Outro detalhe ao qual você deve ficar atento é o texto contraditório. Já li muitos recursos contra penalidades de multa que afirmam que o condutor não estava naquele local, dia e horário ao mesmo tempo em que afirmam não terem observado a presença de nenhum agente fiscalizador. Como isso é possível? Ou mesmo, dizer que não cometeu a infração por estacionar em local proibido ao mesmo tempo em que afirma ter deixado o veículo apenas parado no local, com pisca alerta ligado. Hãããm?

E não se esqueça da lógica. Se você vai argumentar que não estava no local, lembre-se que a lógica é demonstrar que o veículo estava em local diverso e não o condutor.
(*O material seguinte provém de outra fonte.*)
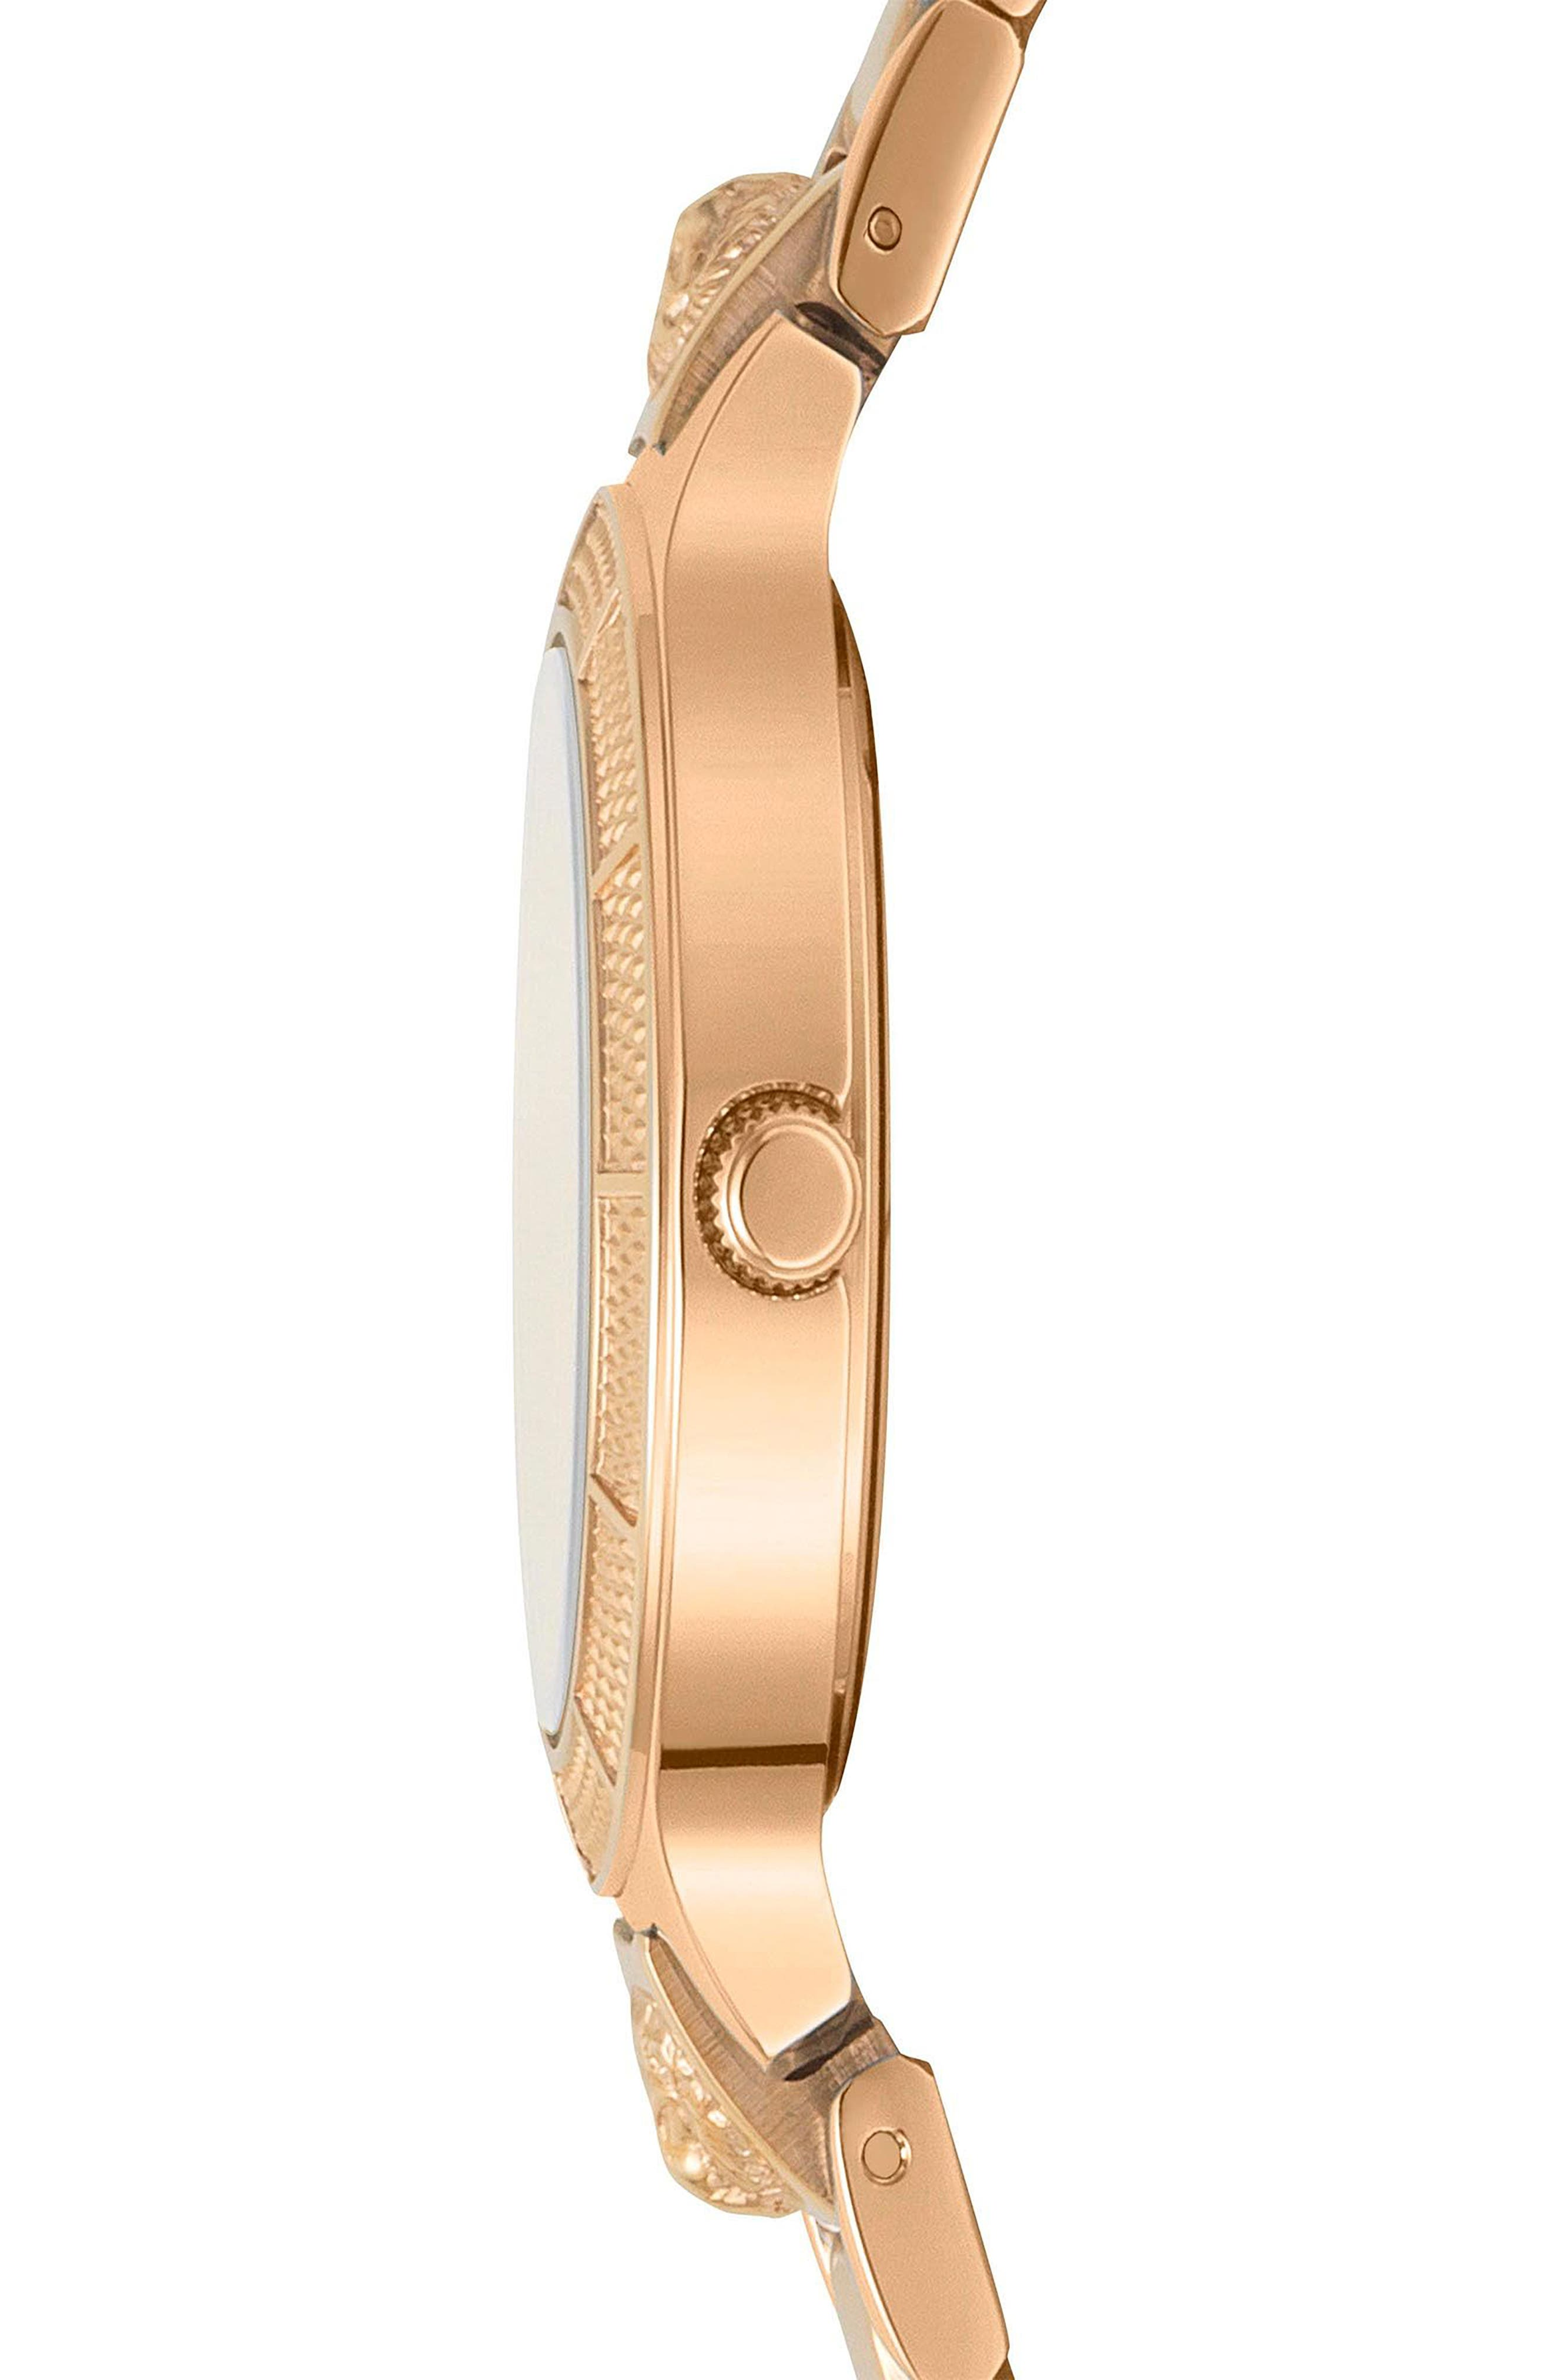 VERSUS by Versace Claremont Bracelet Watch, 32mm,                             Alternate thumbnail 2, color,                             Rose Gold/ Green/ Rose Gold

Isso porque, um veículo pode ser conduzido por “qualquer” condutor. Não tem lógica demonstrar que o proprietário ou condutor apresentado estava em local diverso, já que a ferramenta do cometimento da infração foi o veículo.

Finalizando, lembre-se que você está apresentando uma peça de recurso e não um livro. Peças muito extensas, além de cansativas, aumentam as chances de você ser contraditório em seus argumentos.

Concluindo, não é a beleza da peça que vai ser determinante para o êxito ou fracasso de seus pedidos, mas convenhamos, uma peça bem formatada dá gosto de ler e inevitavelmente, vai causar uma primeira impressão no julgador que aumentam as chances dos seus pedidos serem deferidos.

VAGNER OLIVEIRA é advogado especializado em Direito de Trânsito, professor do curso “Prática Forense no Direito de Trânsito”, autor do livro “Infrações de trânsito sob a ótica do defensor de condutores” e colunista da revista “Trânsito e Direito”.